“soy alcohólico, soy drogadicto, soy homosexual, soy un genio”, se bautizó Truman Capote. El lema heráldico traspasó fronteras y, sin embargo, al menos la mitad resultó ser mentira verdadera. Según confesó a Lawrence Grobel, aunque durante una época sucumbió al trago y las pastillas, “de ningún modo soy alcohólico ni drogadicto”. Así crecen los mitos.

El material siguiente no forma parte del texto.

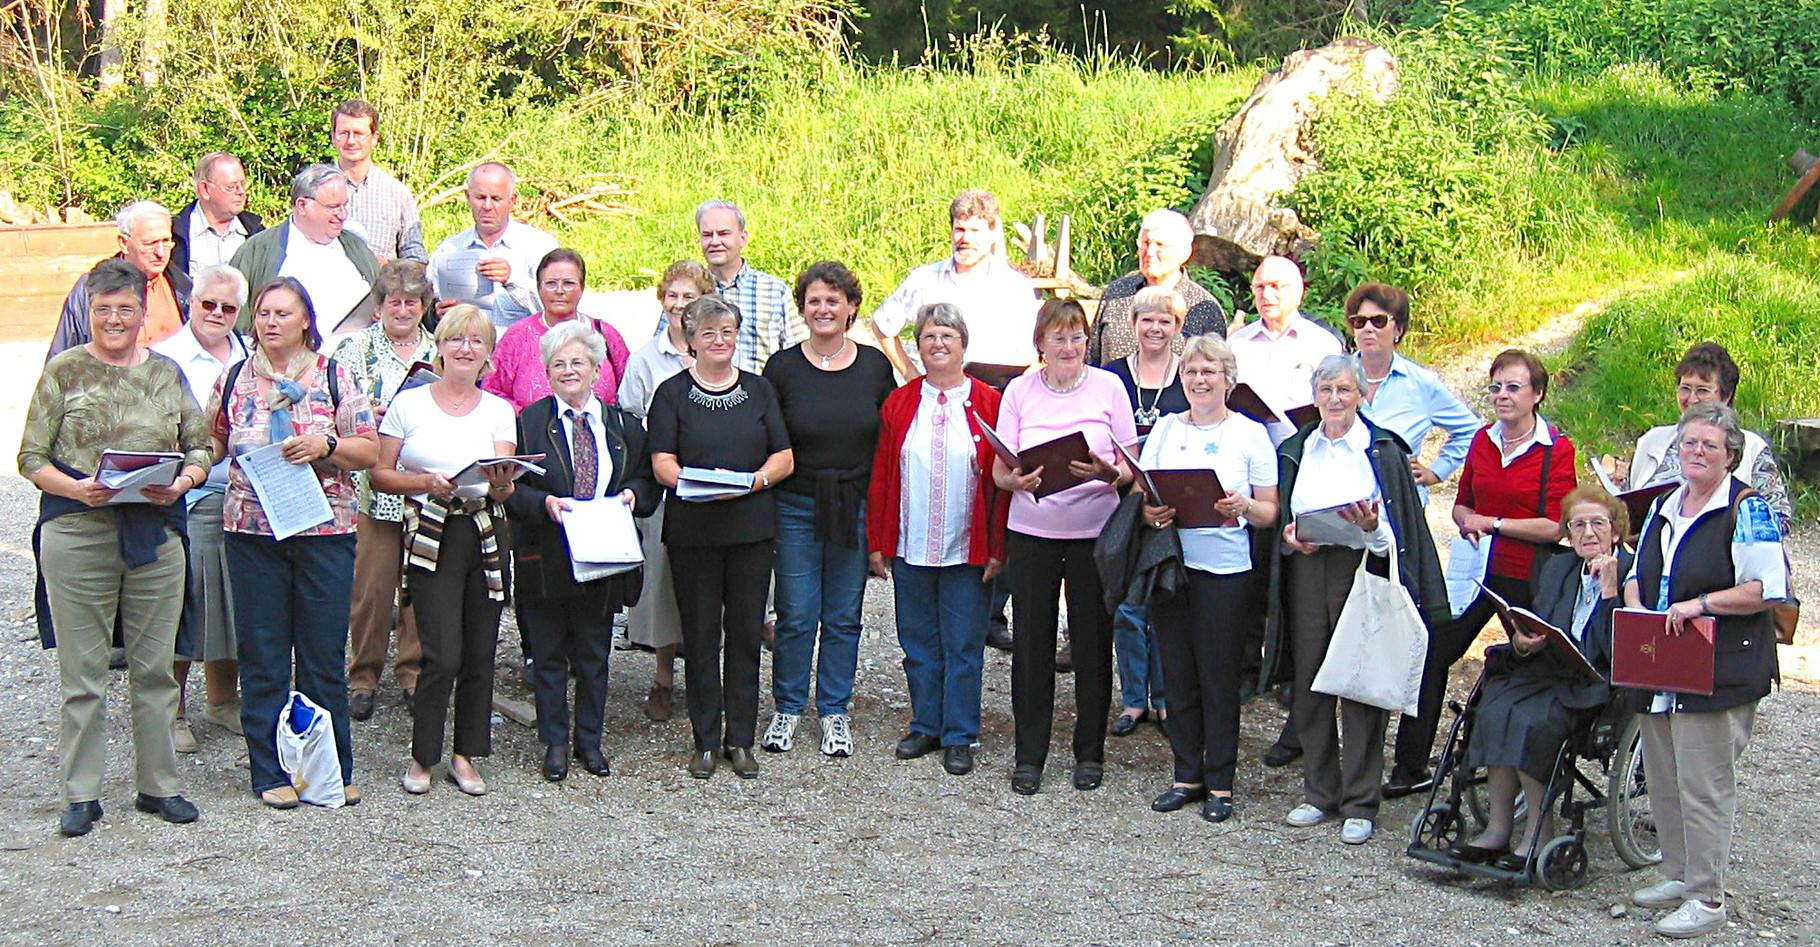 2005 - Beim Chorausflug nach Burghausen in der Waldbühne von Halsbach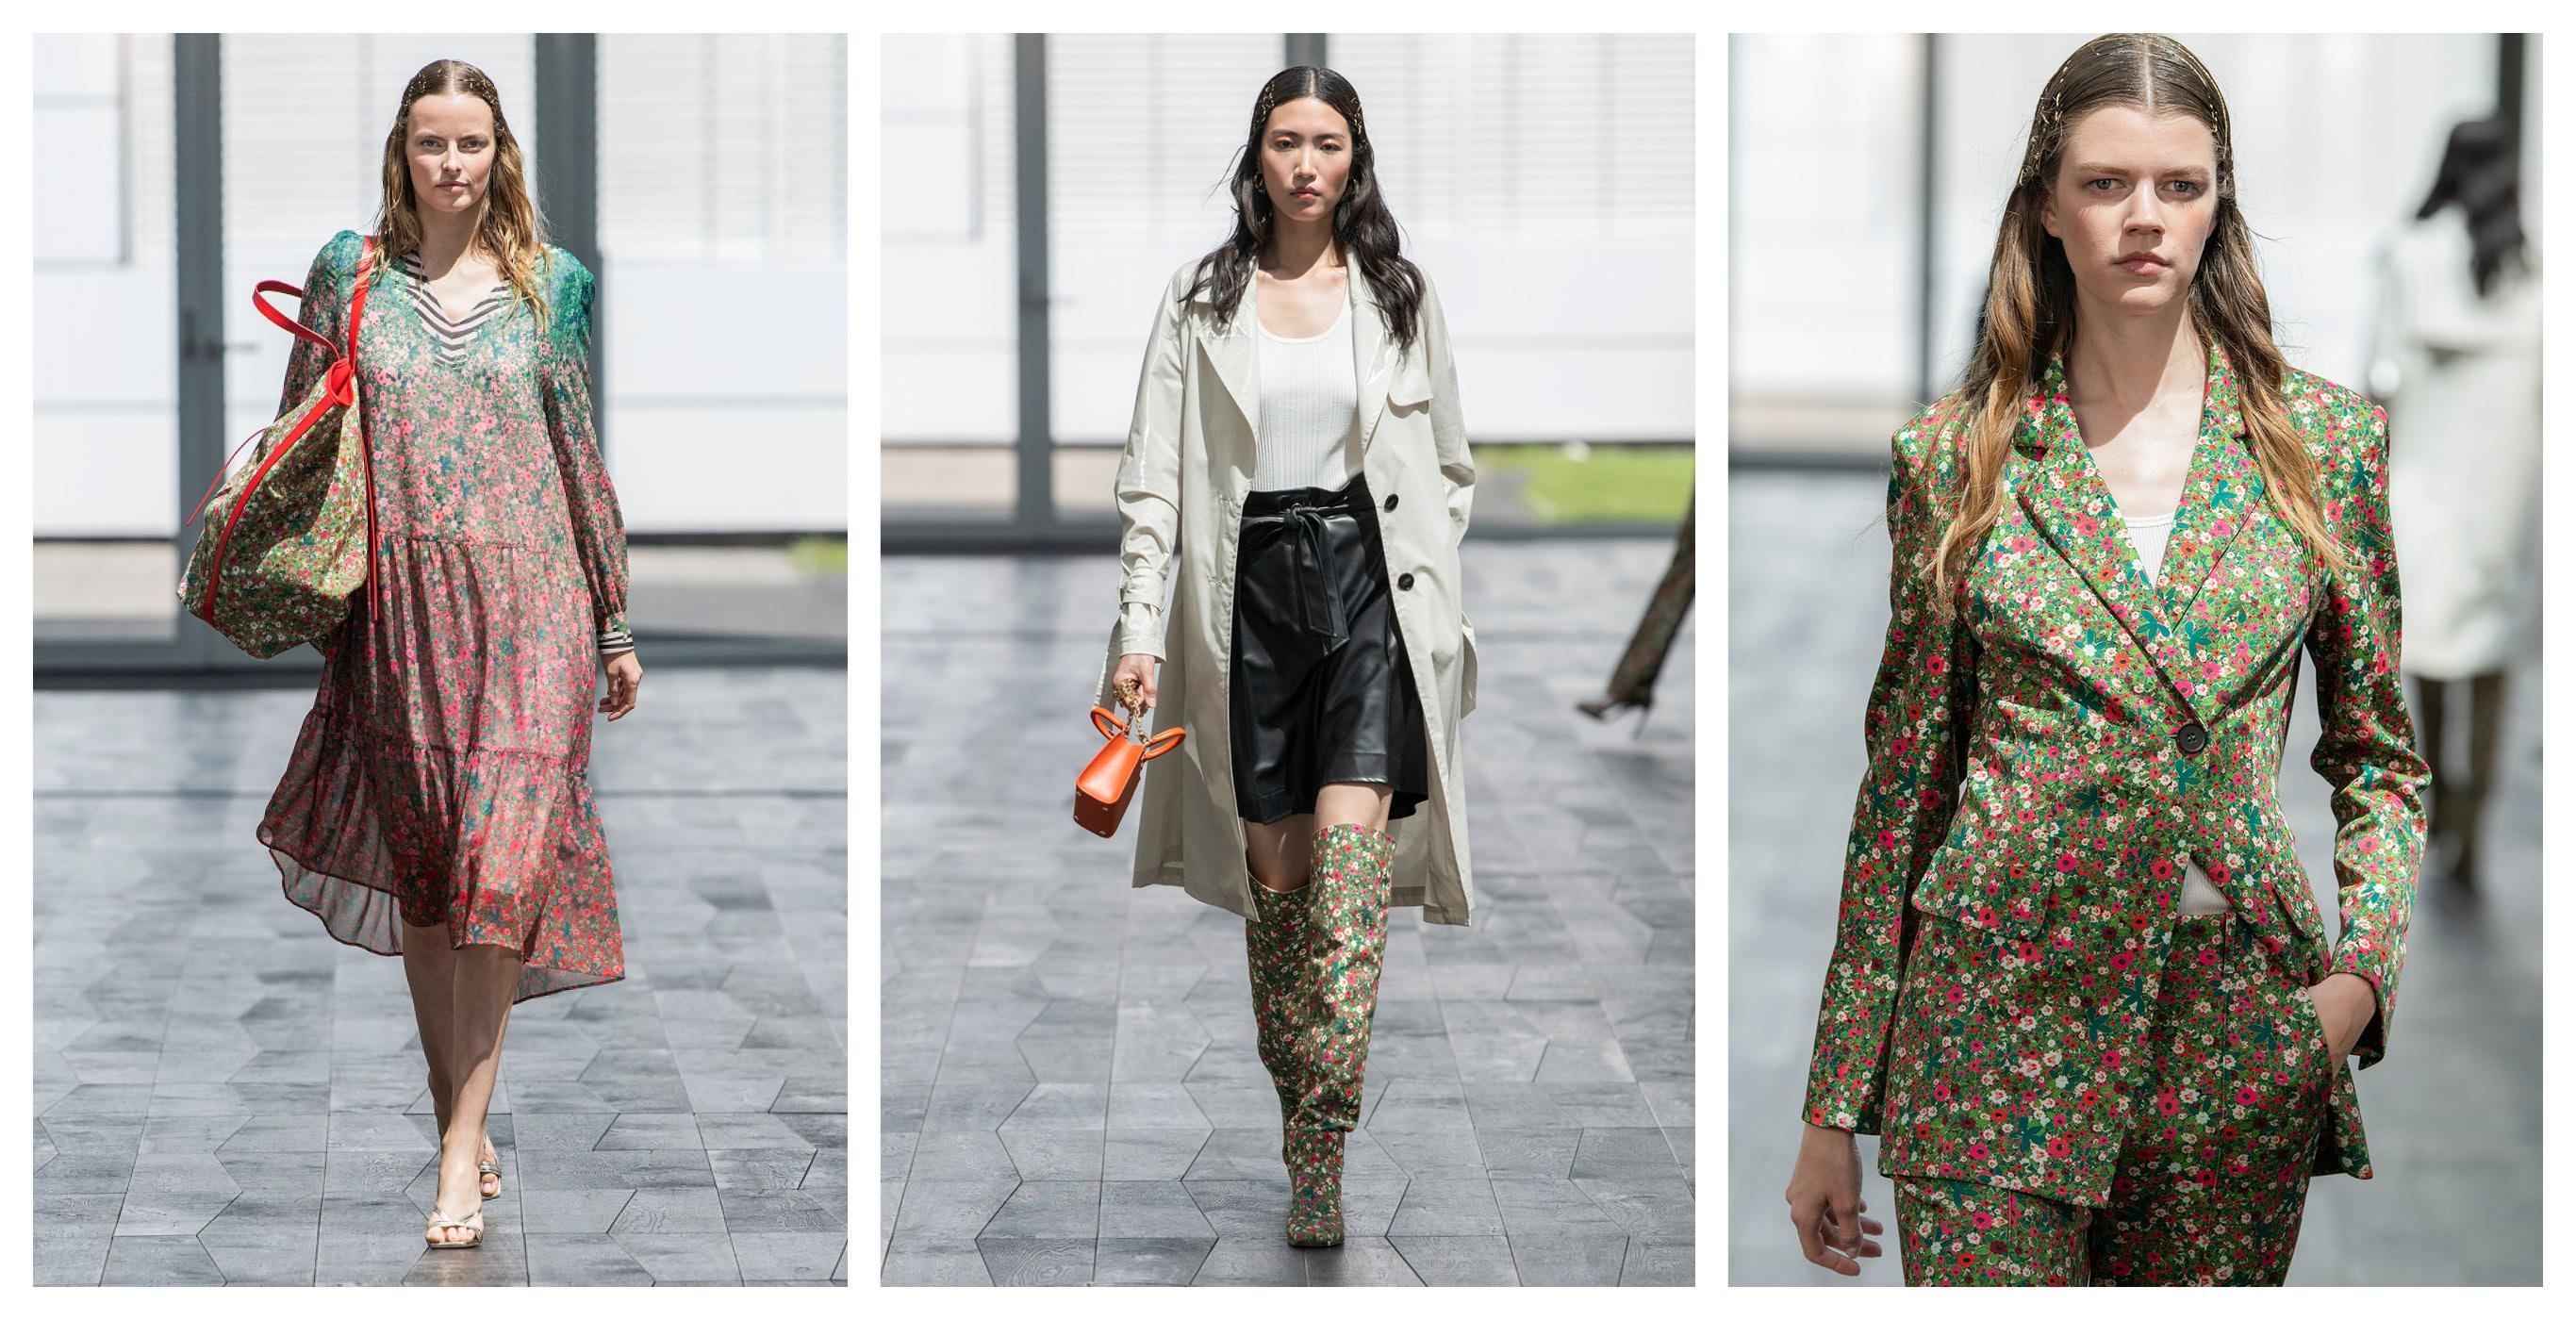 SaisonQ_FashionFilm_Slider3_Catwalk

La triunfadora Meloni también anda por ahí aireando su ego, y para elevarse no ha necesitado trampear la biografía, esa vida suya tan extravagante: “¡Soy Giorgia, soy mujer, soy madre, soy italiana, soy cristiana!”. Enhorabuena.

Un día pedí un vino en Madrid y el camarero estudiaba Filosofía: “¿El señor lo desea blanco, tinto o le es aleatorio?”. A Giorgia Meloni nada de sí misma le es aleatorio, fortuito, casual, y sin reparo podría ideologizar su pelo –¡soy rubia!– y su equipo –¡soy de la Roma!–. Ni siquiera ha desaprovechado la inaudita circunstancia de, siendo mujer y madre, italiana y cristiana, tener un par de pechos, sin duda fruto de una decisión divina tomada al conocer su apellido. Tras enseñar las tetas cubriéndolas con melones, capaz la veo de subrayar su blancura pintándose de negro.

Es el signo de los tiempos. Ya no importan el sudor marxista de lo que haces ni el valor burgués de lo que posees, sino aquello tan de abolengo, nobleza y alcurnia, de ser lo que eres y encima victimizarte. “¡Eso no me lo pueden quitar!”, ha concluido agónica y retadora aludiendo a su identidad. Como es sabido, en Italia se prohíbe ser Giorgia, mujer, madre, cristiana y hasta italiana. Y la pizza es ya manjar clandestino, entre Santo Grial y nécora furtiva.